Em qual horizonte prenderei os meus olhos para atingir o porto, senão em Vós, Estrela brilhante do mar, que sempre resplandeceis e não escondeis jamais a luz de vossa graça?

Na noite dos infortúnios, Ela é a Estrela cuja luz resplandece sempre e guia os navegantes.

Ó Maria, Mãe suave e bem-amada! Sim, Vós sois a Estrela brilhante do mar; Vós que consolais todos aqueles que Vos contemplam e Vos chamam, e os conduzis logo ao porto da tranquilidade…

Em tempos remotos, os navegantes guiavam-se pelas estrelas, particularmente por uma, cuja presença norteava-lhes o caminho durante a noite, de maneira que na imensidade do oceano aqueles barquinhos não tinham outro rumo senão olhar para ela. Nossa Senhora, na terrível navegação da vida, é nossa Estrela do mar.
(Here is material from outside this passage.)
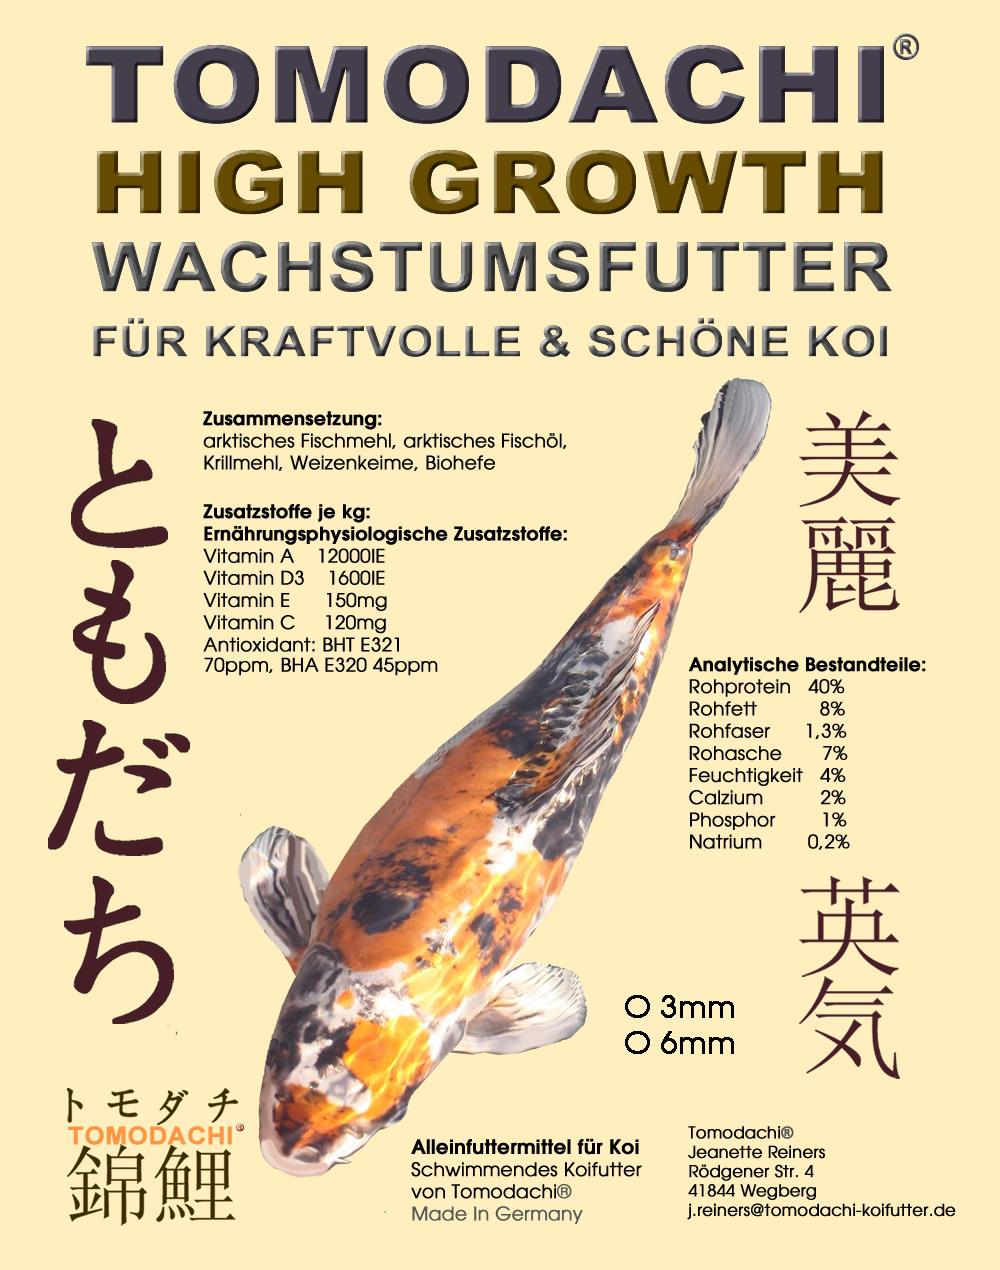 Tomodachi High Growth mit wertvollen arktischen Fischmehlen und Fischölen - das Premium Wachstums Koifutter für kraftvolle und schöne Koi

…eu me refugio perto de Vós. Se estais perto de mim, minha gloriosa Senhora, quem será contra mim?

Portanto, se nos refugiamos junto a Nossa Senhora e nos colocamos sob o manto de sua proteção, o demônio nada poderá contra nós.

E se concedeis vossa graça, quem a poderá recusar?

Ora, Ela sempre concede graças; trata-se de nunca as rejeitarmos.

“Dizei-me que Vós sois minha Mãe!”

Estendei, pois, vossos braços sobre minha cabeça, para que eu me refugie sob sua sombra.

Que gesto, que intimidade bonita! Pedir a Nossa Senhora que estenda as mãos d’Ela sobre minha fronte exausta, cansada, preocupada, sofredora e isto bastará.

Dizei à minha alma: “Eu sou tua Advogada, nada temas. Como uma mãe consola seu filho, assim Eu te consolarei.”

É próprio à devoção mariana, ouvir essa palavra interior que Nossa Senhora comunica às almas de um modo misterioso. Não há alma verdadeiramente marial que não tenha sentido em si algo dessa moção interior. É a inconfundível voz d’Ela!

Então, o pedido: “Por esta voz misteriosa que não atinge os ouvidos, mas enche a alma, dizei-me que Vós sois minha Mãe e só então serei tranquilizado!”

É uma súplica ardente, filial, magnífica e respeitosa à Santíssima Virgem.

(Extraído de conferência 25/5/1968)

1) Imitação de Maria. Livro VI, cap. II.